The problem:
Print the data exactly. Omit the pictures.

##### Information supplied #####

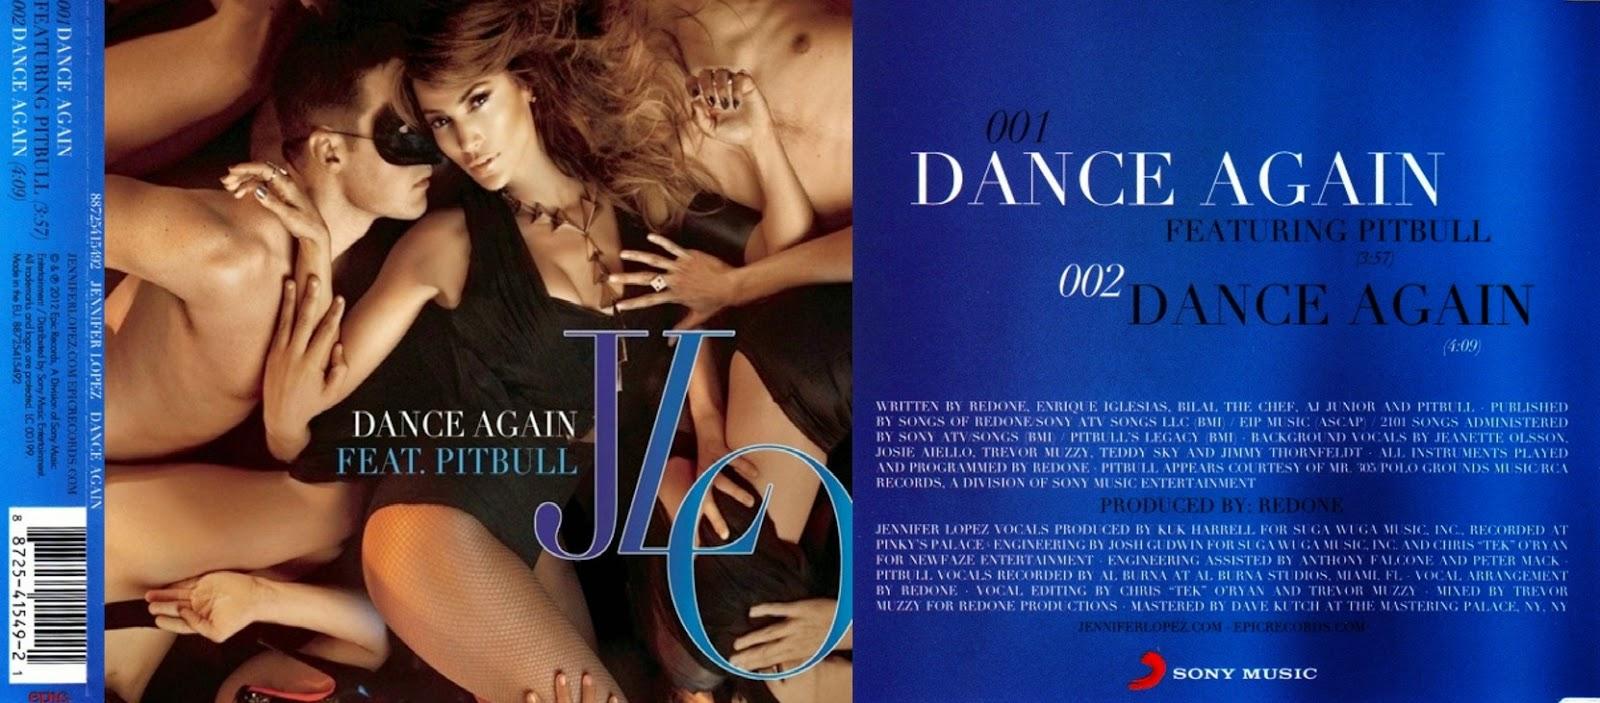 Apesar Do Single Nao Ter Superado A Popularidade Da Parceria Anterior Dance Again Conseguiu Boas Posicoes Nas Paradas Musicais Tags Booklet Jennifer Lopez
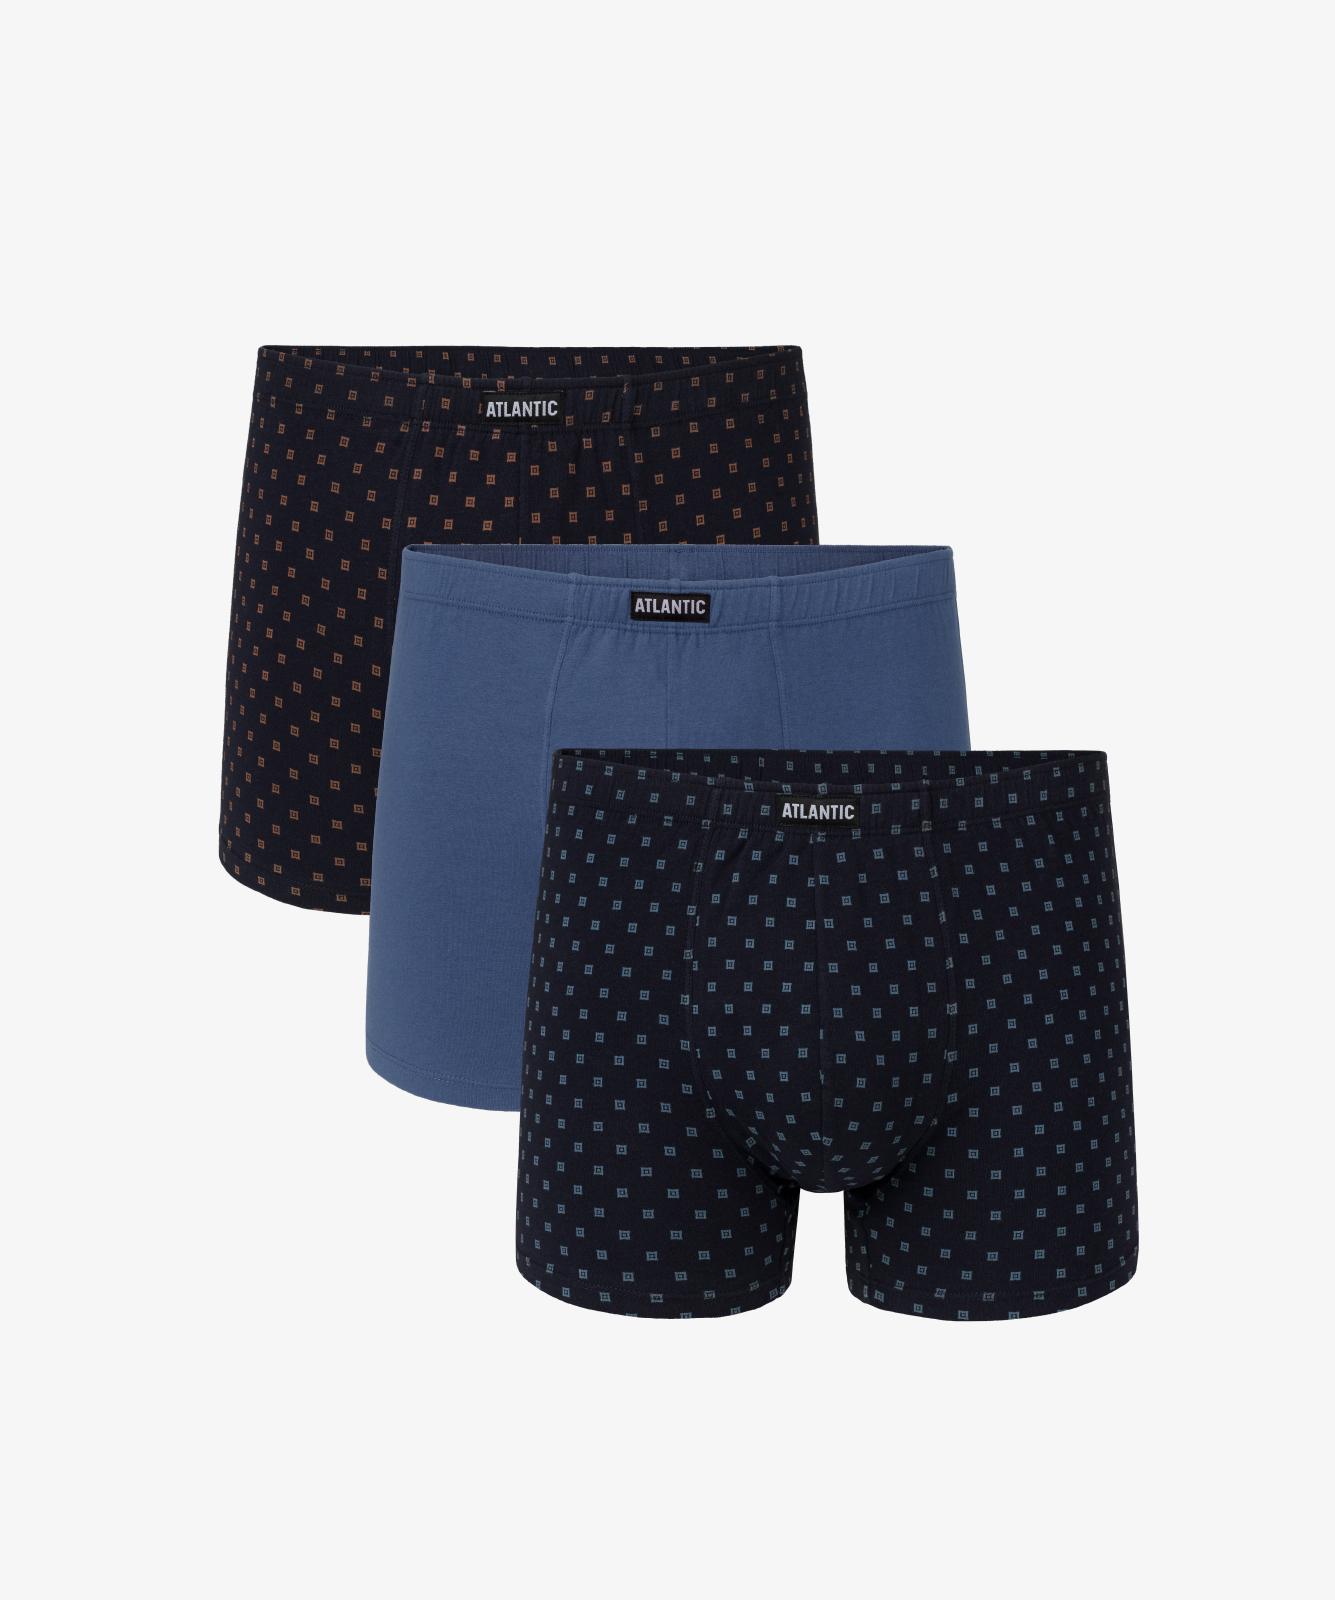 Мужские трусы шорты Atlantic, набор из 3 шт., хлопок, темно-синие + голубые, 3MH-030
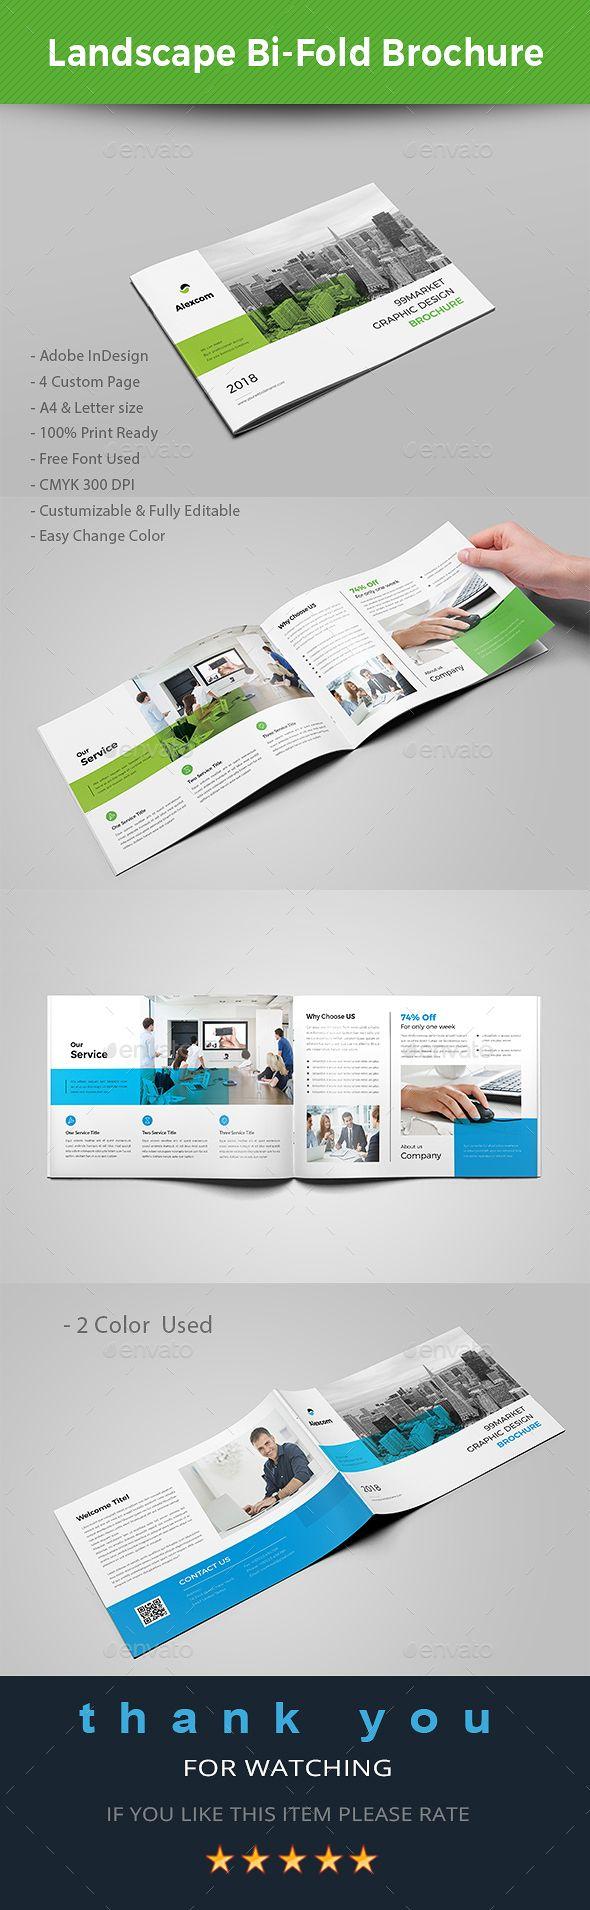 Landscape Bi-fold Brochure Template InDesign INDD - A4 & US Letter Size

#####

Your response:
 Apesar Do Single Nao Ter Superado A Popularidade Da Parceria Anterior Dance Again Conseguiu Boas Posicoes Nas Paradas Musicais Tags Booklet Jennifer Lopez
 Мужские трусы шорты Atlantic, набор из 3 шт., хлопок, темно-синие + голубые, 3MH-030
 Landscape Bi-fold Brochure Template InDesign INDD - A4 & US Letter Size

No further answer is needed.